And all of these one-drops are quite affordable! The rest of the deck is composed of traditionally cheap spells, both mana- and money-wise.

While your opponents try to assemble their colorful manabase or work on filling up their graveyards, a good draw from the Prowess or Burn decks can often come up with a turn 3 kill.

With Lava Dart and the before mentioned Blood Moon these decks also have the single best answers for the format defining pilfering monkey and the powerful enchantment land.

Summary

To recap, the three decks/strategies/cards presented above are great and affordable choices in the current Modern metagame.

  • While Lava Dart is not enough to throw Ragavan off the top tier, it still is a very real answer to the crazy monkey.
  • While Blood Moon cannot win a game on its own, it is powerful enough to disrupt your opponent to the point where a single Dragon’s Rage Channeler can finish the job.
  • As for Affinity, it does not have great answers to the new and powerful Modern cards, but it does not need to.
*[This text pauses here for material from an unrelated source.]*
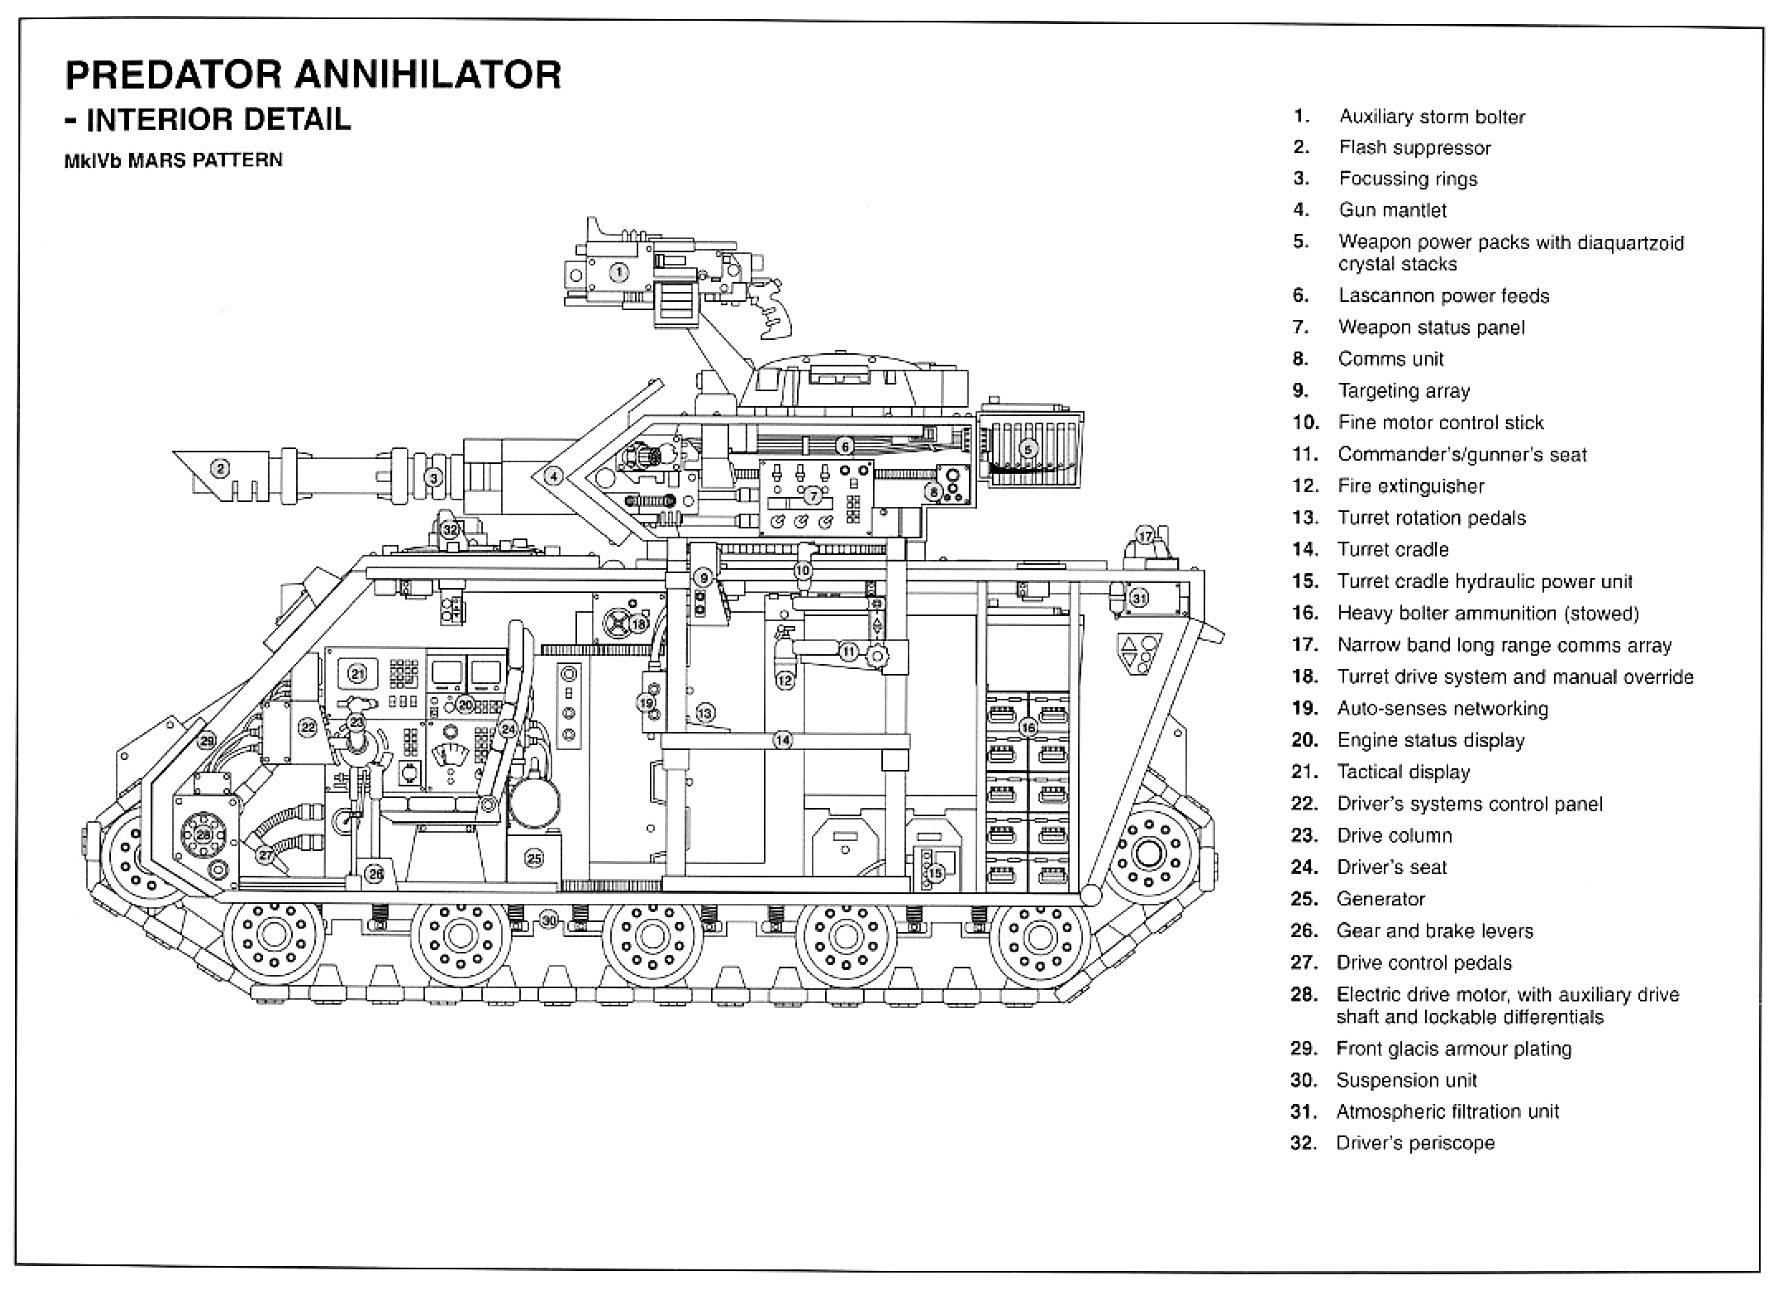 warhammer 40k ship schematics

It is itself a force to reckon with, and strongly encourage your opponents to run artifact hate in their 75.

All of these decks/strategies are relatively affordable, with Affinity and Prowess coming in at around €150 for a good version of the deck.

Blood Moon decks can get more expensive, as they are often midrange decks trying to grind out their opponents. But it also has its place in aggressive red strategies. For €10 a copy, you get a truly unique effect that can shut down many of the greedier decks of Modern.

The strategies presented above are only a minor fraction of the various budget strategies that are viable in Modern. They just happen to be the ones I feel closest to.

Other people might have a totally different list, and I think this further strengthens my point, that Modern continues to be a complex and unsolved format.

Conclusion

To conclude, if you don’t want to spend €140 for two copies of Ragavan, but would rather have an entire deck for the same price, Modern still has a place for you.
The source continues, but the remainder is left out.